Arm && Interventions

Group	Intervention	Description
Group 1- Received Ibuprofen (N=44)	Ibuprofen 600 mg	-
Group 2- Received Dexamethasone (N=44)	Dexamethasone 4 mg	-
Group 2- Received Dexamethasone (N=44)	Acetaminophen 1000 mg	-
Group 1- Received Ibuprofen (N=44)	Acetaminophen 1000 mg	-
Group 3 - Received Placebo (N=44)	Placebo	-
Group 3 - Received Placebo (N=44)	Acetaminophen 1000 mg	-

Primary Outcome Measures

Name	Time	Method
The visual analog scale (VAS) was used to measures levels of pain.	8 hours-time	a visual analog scale (VAS) consisting of a 10-cm line with two extremes at either end; "no pain" and "pain that could not be more severe". Patients were asked to mark a point on the line that represented their level of perceived pain.
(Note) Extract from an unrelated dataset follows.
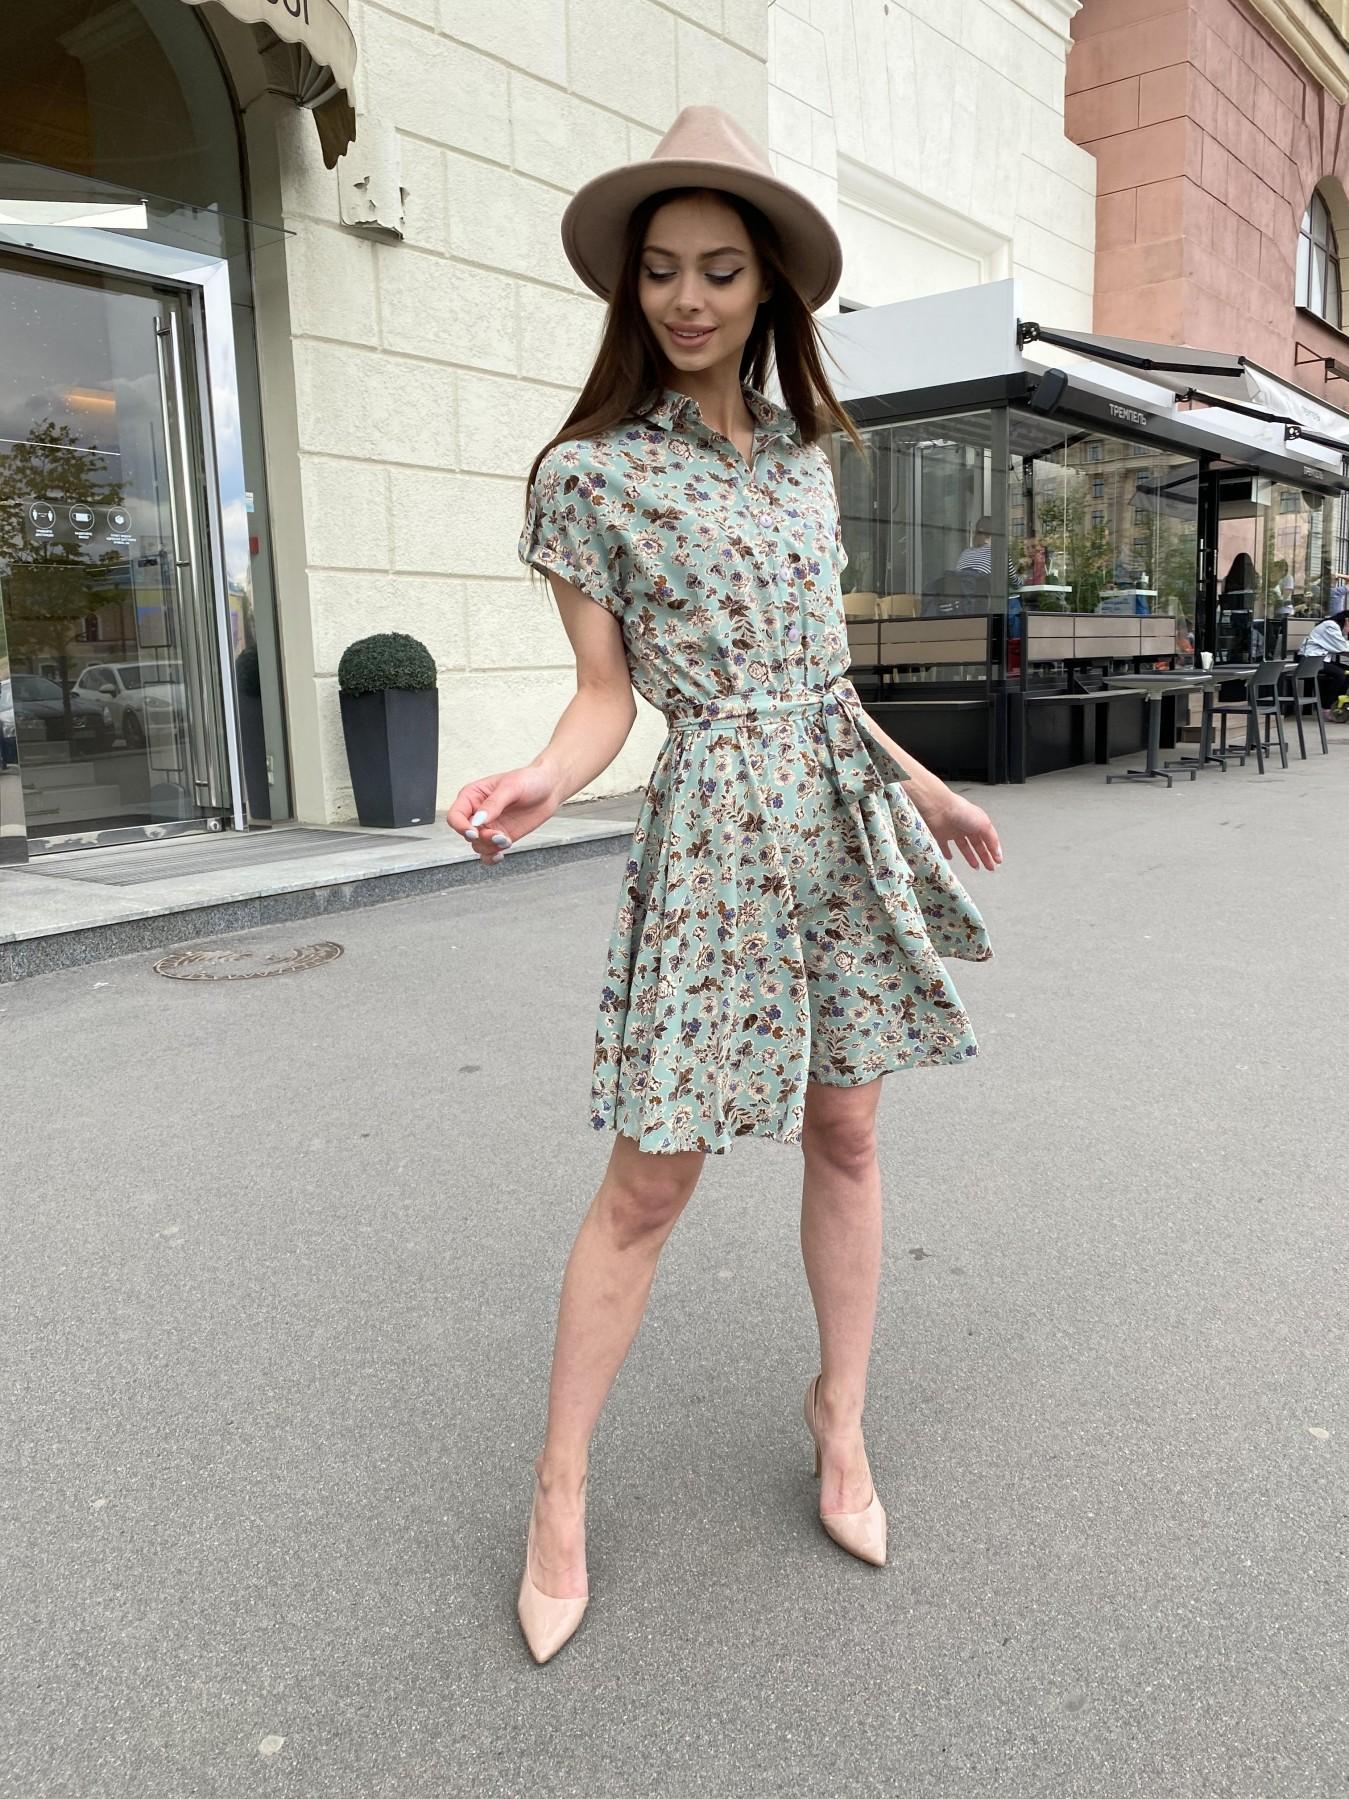 Санжар платье из ткани софт в принт 11215 АРТ. 47727 Цвет: Олива/бежевый, Цветы - фото 7, интернет магазин tm-modus.ru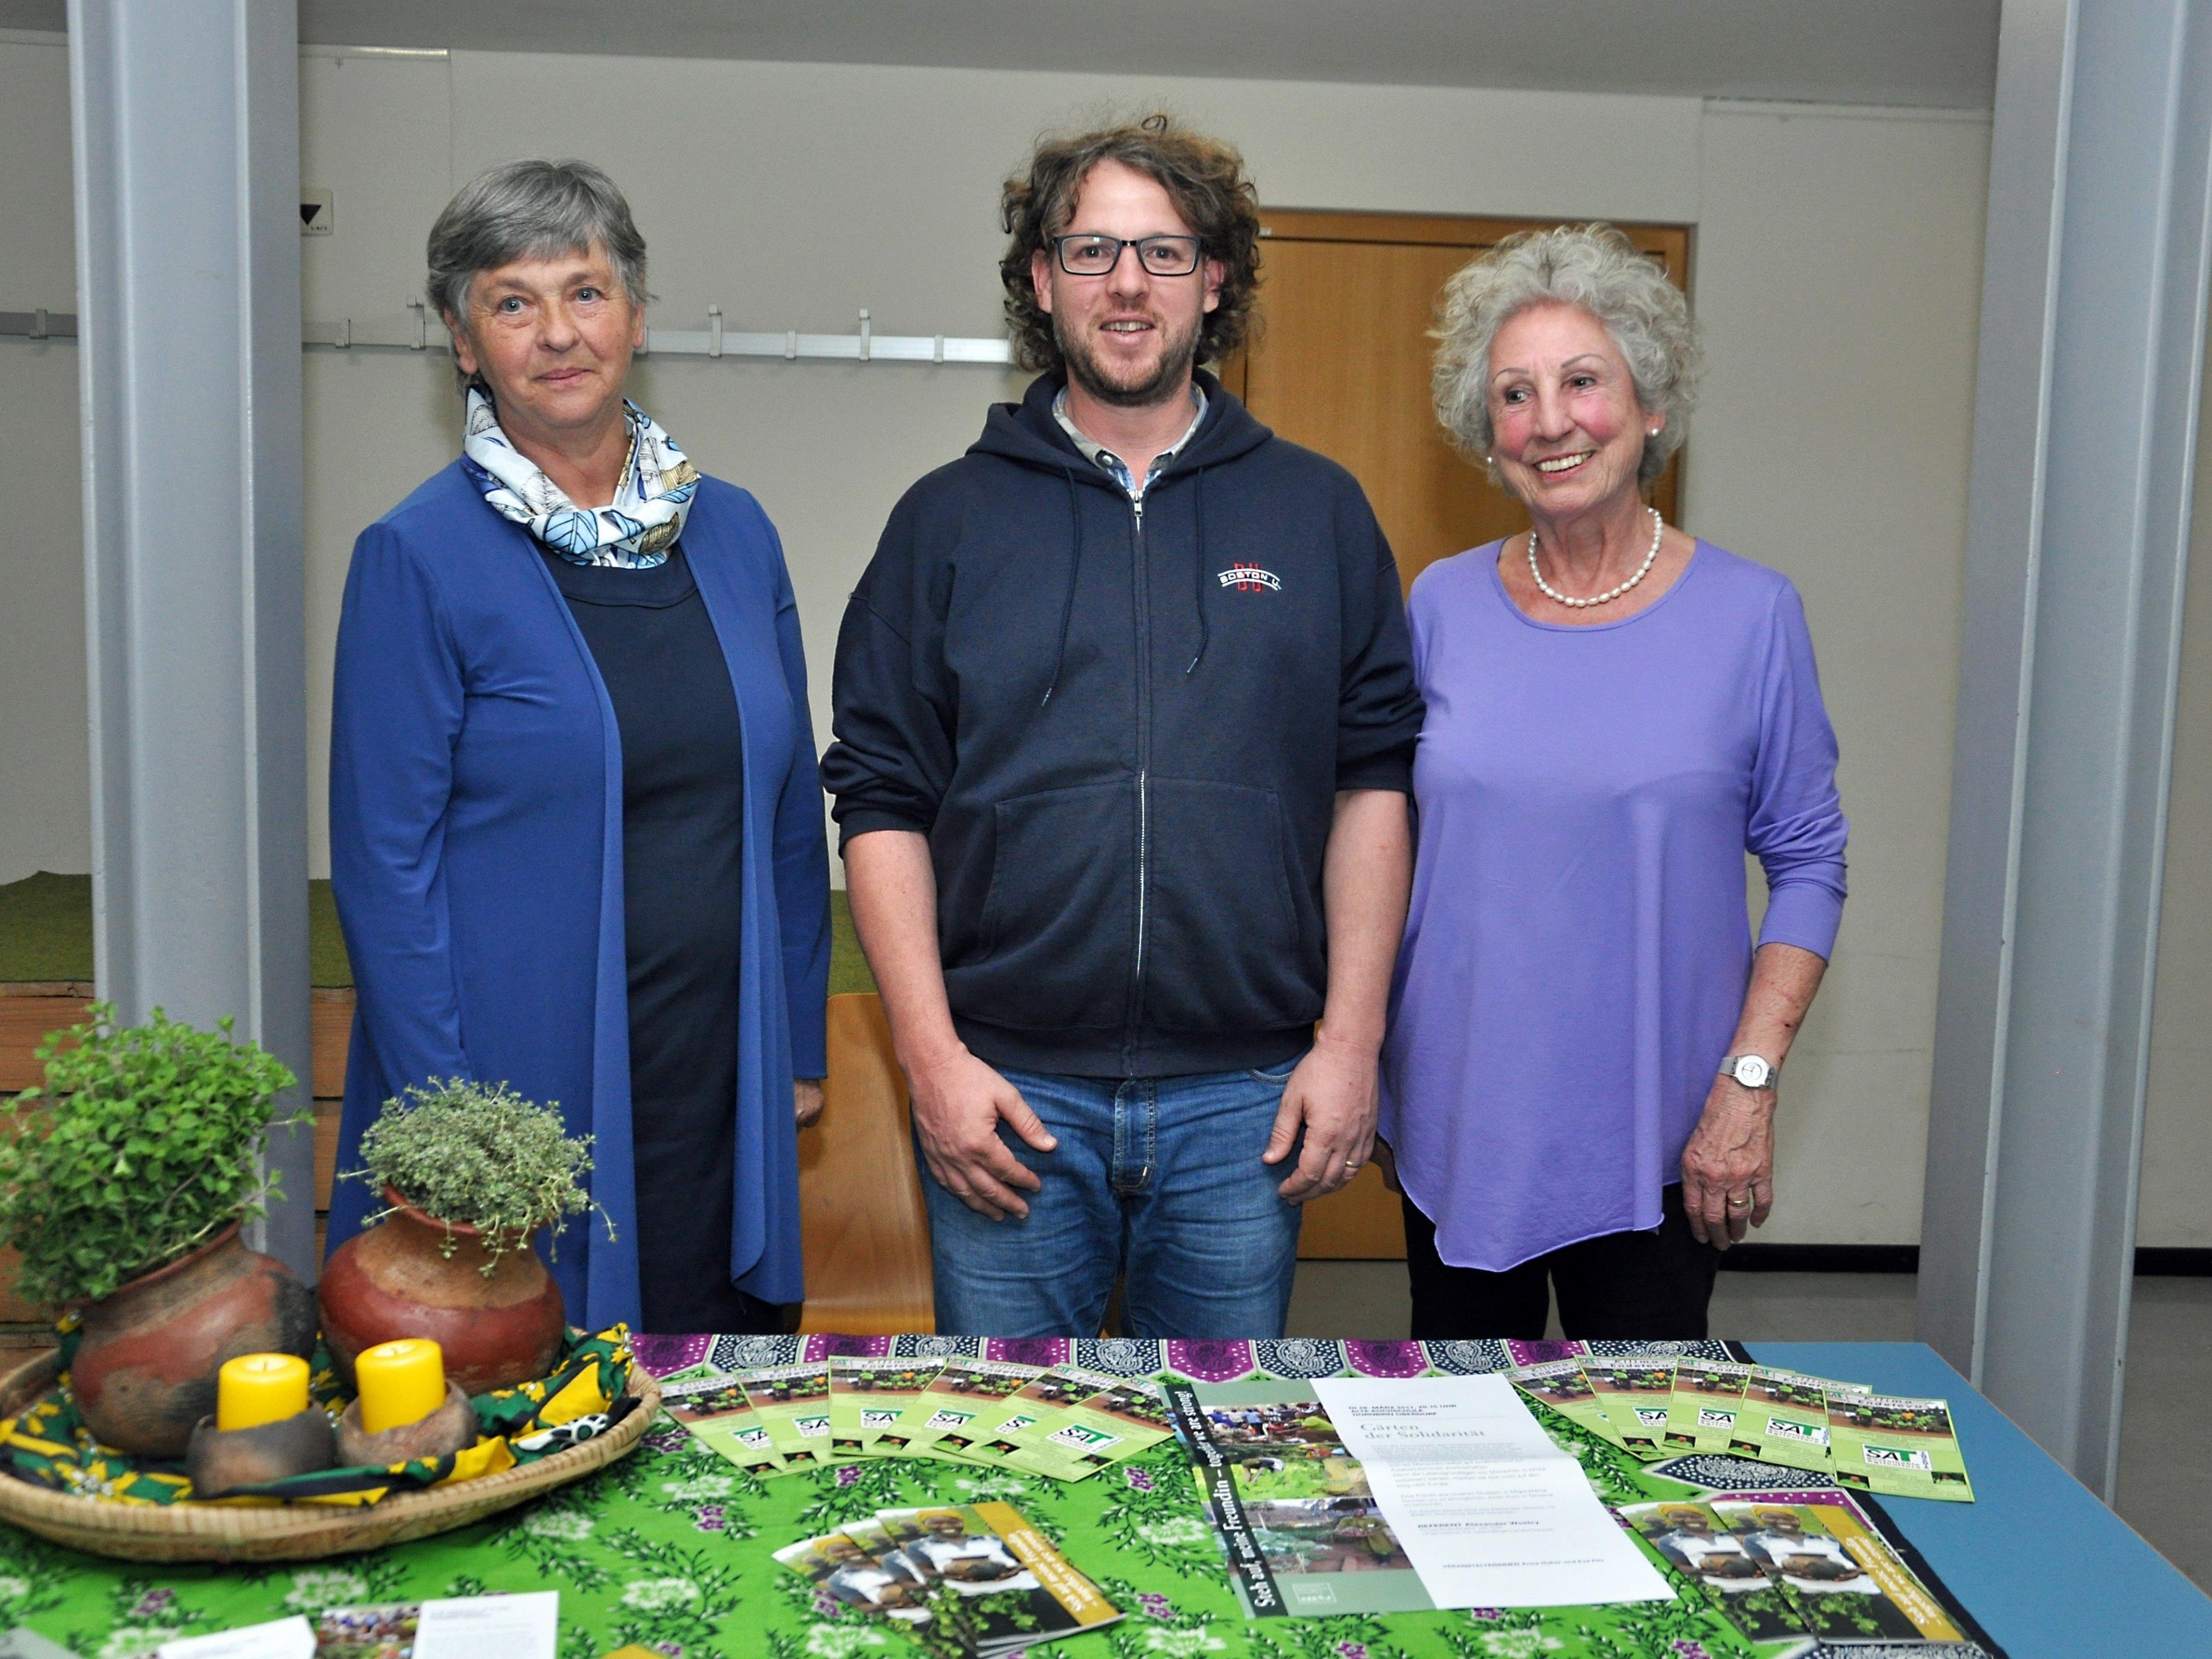 Der Referent mit den Veranstalterinnen Anna Huber und Eva Fitz.

Secondary Outcome Measures

Name	Time	Method
The 4-point verbal rating scale (VRS-4) was used to measures levels of discomfort.	8 hours-time	the patient specifies one of four options: no discomfort, some discomfort, considerable discomfort, or discomfort that could not be more severe.
the 101-point numerical rate scale (NRS-101) was used to measures levels of pain.	8 hours-time	the patients were asked to rate their pain intensity on a numeric scale ranging from 0 to 100.